Floats are a matter of opinion. I would say no, I don't want to flick to the next page and back again. I want to hover or click and fig pops up. Floats have been needed because of the obvious limitations of print. My preference for footnotes is similar, i.e. click or touch screen to get more info. But that can be a user's decision. We should have renderers that produce whatever a user prefers.

Agreed, this should be user preference. I think on scientific ebooks, for example, I would still like real footnotes at the bottom and I think the lack of good footnote support is why many still use PDFs instead of epubs for certain types of texts.


  *   The problem of floating items, complex math, large footnotes that need to break across pages, and many other complex pagination problems have already been solved in TeX. These are not trivial problems and I worry about this working group reinventing the wheel, by starting to specify the basics of pagination from scratch. In my opinion, in the end the only way to solve the problem is to rewrite TeX in JavaScript!

I have also been thinking of LaTeX in Javascript. But as far as I can tell, that in 2015 that would still be too slow. TeXLive is a few GB large, and if the user should wait for a few GB to download before the page is rendered, that likely wouldn't work. In a few years, when a few GB is nothing and processors are faster, this may be a viable alternative.

You got it wrong here, Johannes. ;-) TeXLive contains every possible style file you might want – 10,000s. The basic TeX compiler is only 500K! Remember it is 35 years old, so had to run on mainframes, which is why it is fast. Even with a few basic style files I don't think it would exceed 2Mb for an automated pagination system.

Right. But you will likely need some of those packages, if you will want to let people render their documents.

The use case I had was that I had people who were to write scientific articles and I was thinking of how I could get them to render the documents themselves, without having to go through the process of installing LaTeX and doing weird things on the command line. So in that case I couldn't know exactly what packages my users would need.

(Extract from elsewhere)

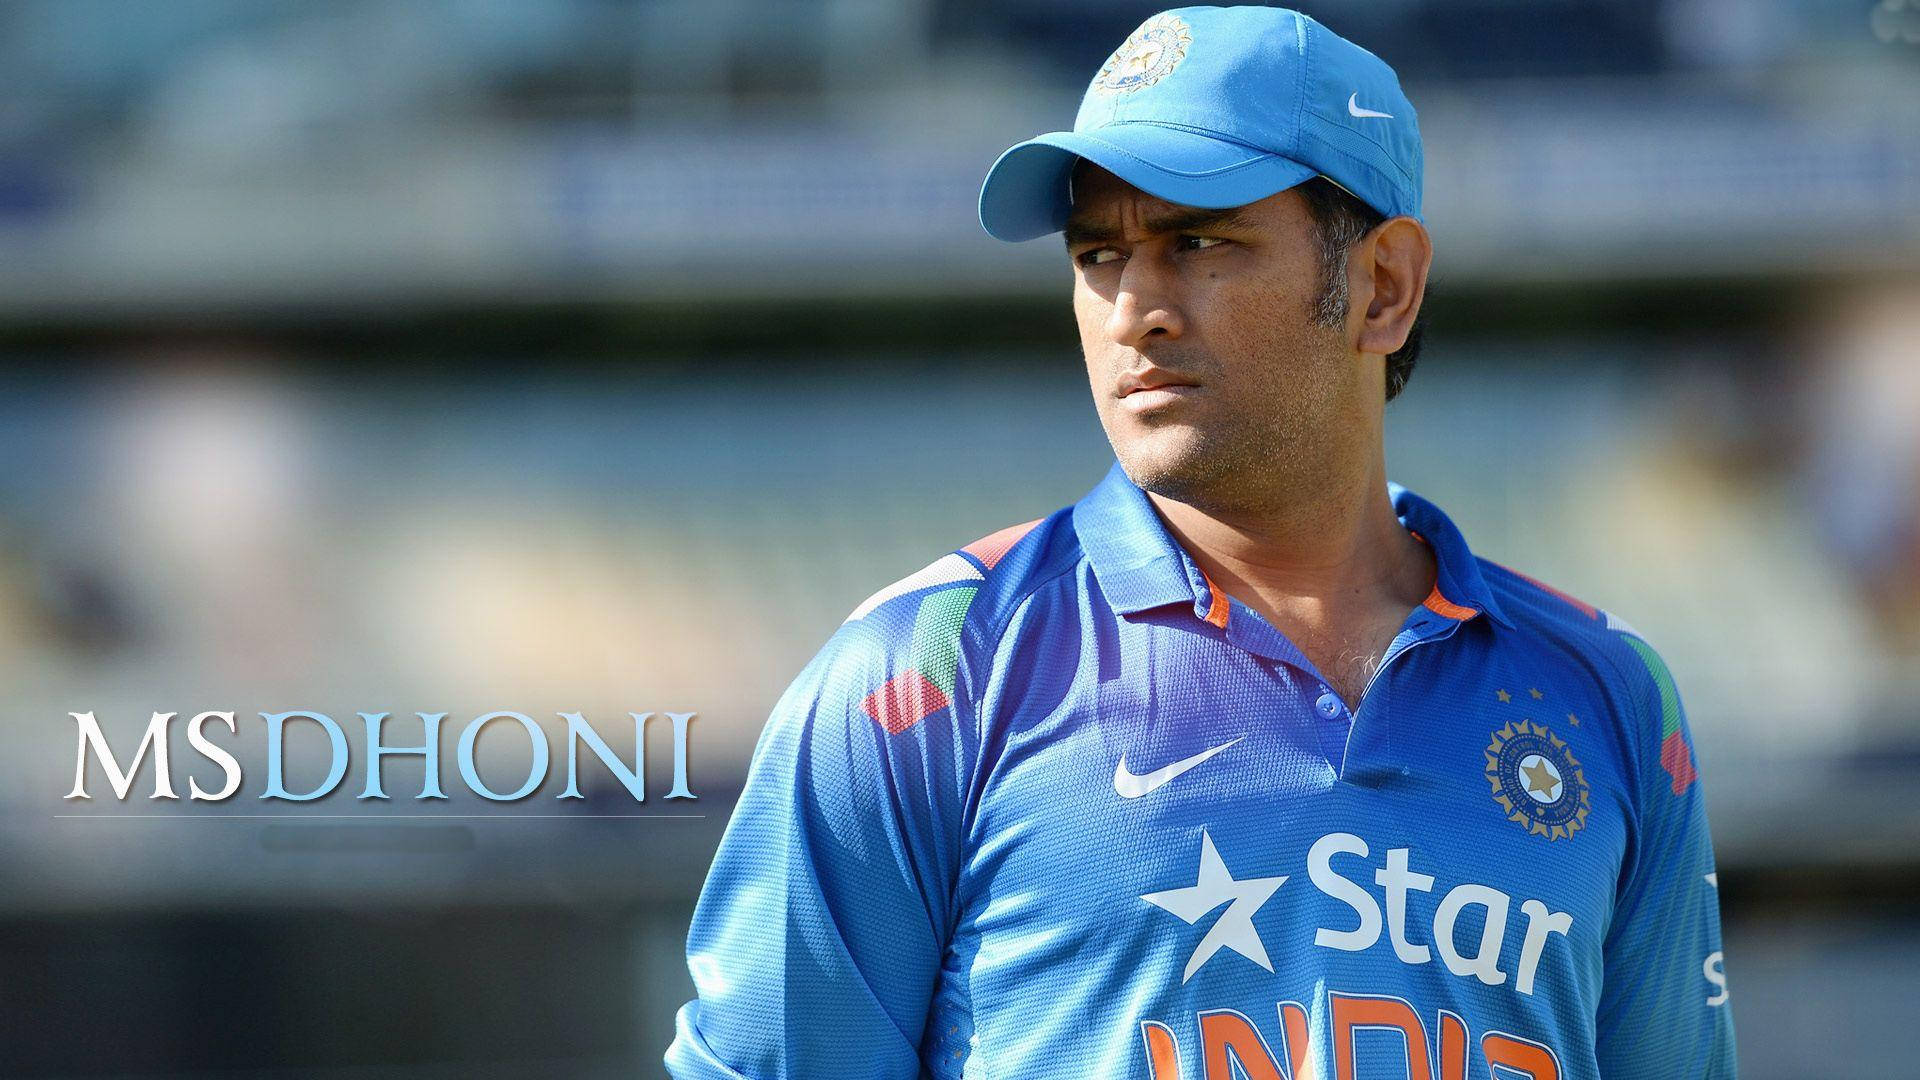 Ms Dhoni Star India Cricket Team Background

So maybe this is indeed possible if one locks everyone down to a small subset of everything. I just haven't seen that in action ever. Linux always seems to ask me to just install another 600 MB of files whenever I try to compile the file of someone else.


Forgive me, but storing in several formats is absolutely the worst thing you can do. What if there is a difference between the files? Which one is right? Who knows? No one! Already there is a problem brewing. Go to any open access journal (PeerJ, Plos, Frontiers etc) and pick a paper. You will find the paper has a DOI – the definitive version of record. But which *format* is the version of record, the XML, the HTML or the PDF. None of the publishers have the courage to nominate one!! Of course they all know it should be the XML but only the PDF has been proofread. No one looks at XML – except me!!

I know I know. Among software developers we have similar sayings when it comes to data.

And still: If you have the same program saved in 1996 both on a CD-ROM and on a 3.5" disc, you can read both and they differ, you may have a problem of figuring out which one is "better". But if you only save to one of them, you may end up not being able to access it at all. So it ends up being wiser to make multiple copies in different formats anyway, even if it may put you in that dilemma.

I assume that the same reason people not only maintain digital copies, but also paper copies (on special paper) that are then stored on different continents.


I think that the excitement we are all experiencing with HTML (including myself) is going to have bad consequences in future unless we set some really firm rules. It is now the 350th anniversary of the first scholarly journal. We can still read it with no ambiguity. So it has been amazingly future-proof. 350 years from now, will scholars be able to read our scientific literature without ambiguity? I doubt it!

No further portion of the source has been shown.